Error when trying to compile the pre-quantized pytorch model

Hi Community, I am following tutorial: Deploy a Framework-prequantized Model with TVM — tvm 0.9.dev0 documentation to build a pre-quantized mobilenet v2 model. But it throws an error:

Traceback (most recent call last): File “pytorch_test_quant.py”, line 76, in test_compile(model_config) File “pytorch_test_quant.py”, line 60, in test_compile mod, params = relay.frontend.from_pytorch(script_module, input_shapes) File “/home/.local/lib/python3.8/site-packages/tvm-0.8.0-py3.8-linux-x86_64.egg/tvm/relay/frontend/pytorch.py”, line 3882, in from_pytorch input_scales_for_bias = qnn_torch.add_input_quant_params_to_op_inputs(graph) File “/home/.local/lib/python3.8/site-packages/tvm-0.8.0-py3.8-linux-x86_64.egg/tvm/relay/frontend/qnn_torch.py”, line 475, in add_input_quant_params_to_op_inputs scale, zp = _get_quant_param_for_input(node.inputsAt(i)) File “/home/.local/lib/python3.8/site-packages/tvm-0.8.0-py3.8-linux-x86_64.egg/tvm/relay/frontend/qnn_torch.py”, line 298, in _get_quant_param_for_input return dfs(input_value.node()) File “/home/.local/lib/python3.8/site-packages/tvm-0.8.0-py3.8-linux-x86_64.egg/tvm/relay/frontend/qnn_torch.py”, line 286, in dfs scale = current_node.inputsAt(indices[0]) RuntimeError: ArrayRef: invalid index Index = 6; Length = 6

Anyone comes across the same issue?

OK. I think it is caused by pytorch version.

If using torch==1.10.1 and torchvision==0.11.2, it will have this issue, and it will even fail the test: https://github.com/apache/tvm/blob/main/tests/python/frontend/pytorch/qnn_test.py

If I roll back to torch==1.7.0 and torchvision==0.8.1, the test works.
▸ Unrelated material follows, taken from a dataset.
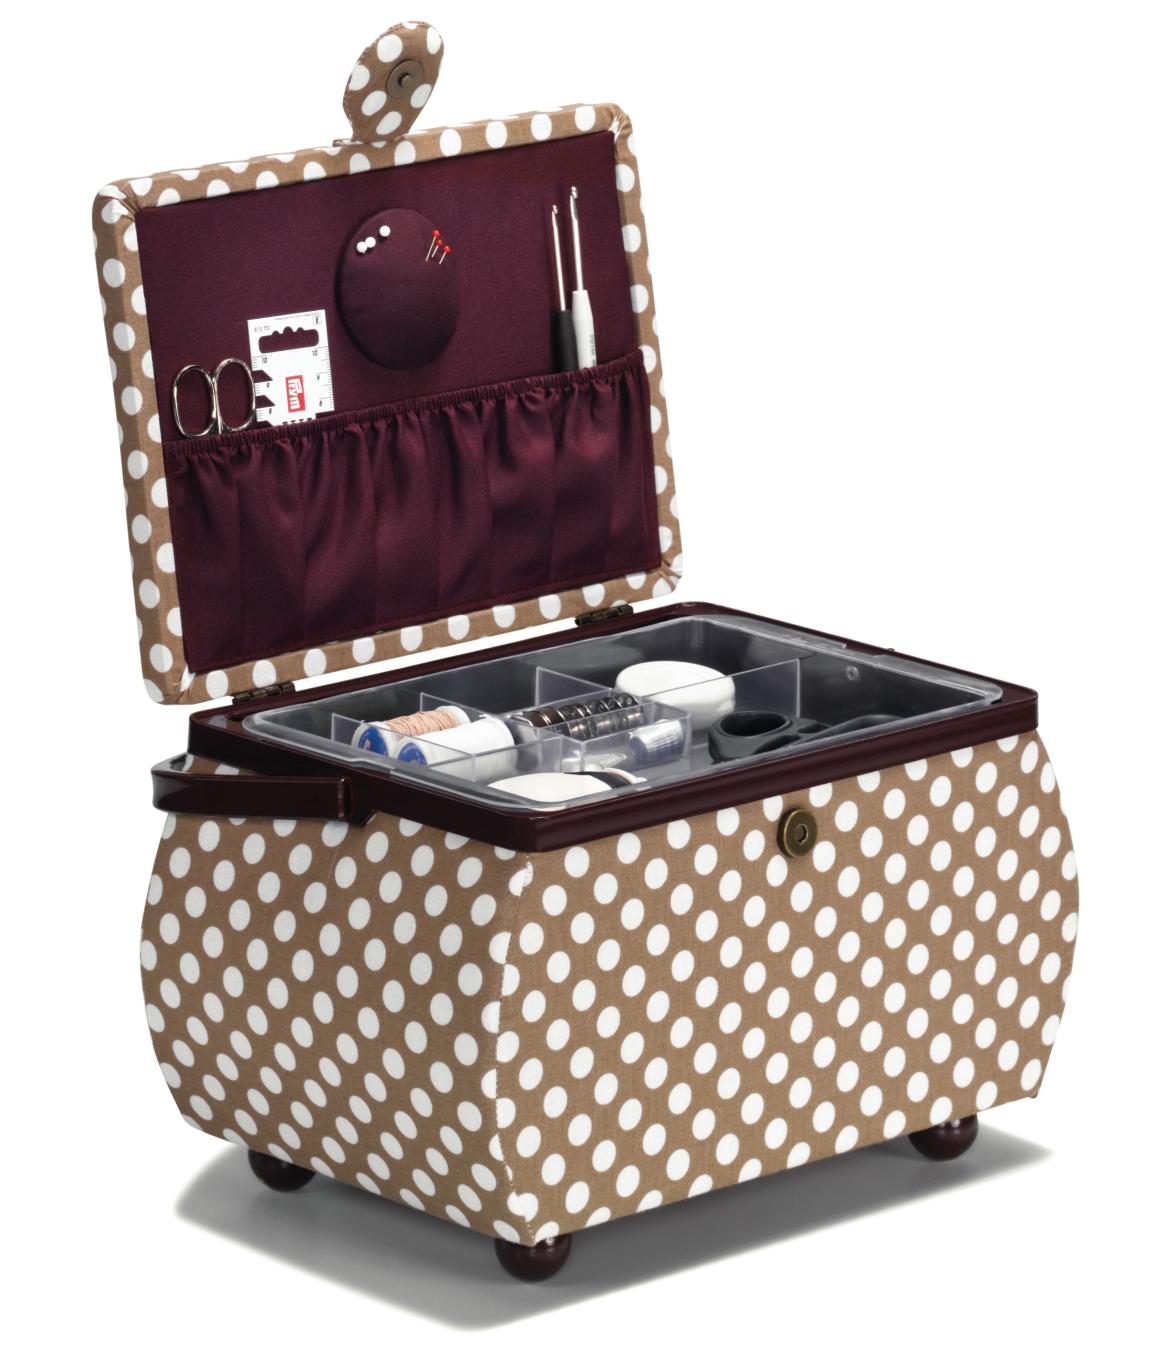 Sewing basket Polka Dots beige/burgundy L | Nähkorb Polka Dots beige/burgund L

I saw the commit of upgrading torch to 1.10.1 in this commit: [Docker] Update to Torch 1.10.1 (#9781) · apache/tvm@b29a443 · GitHub

I wonder why the test for this commit has not failed.

Any comments? @masahi

Thanks!

Probably your TVM is not up-to-date. The test runs on CI so it is supposed to work.

Got it. Thanks! I think I am on v0.8 official release, which probably did not include your change from last Dec.

I also experienced this issue and found that rolling back PyTorch helped, as an earlier comment said.

I looked at the versions used in the CI pipeline for v0.8 (which is what I’m using here). This can be a helpful heuristic for similar issues.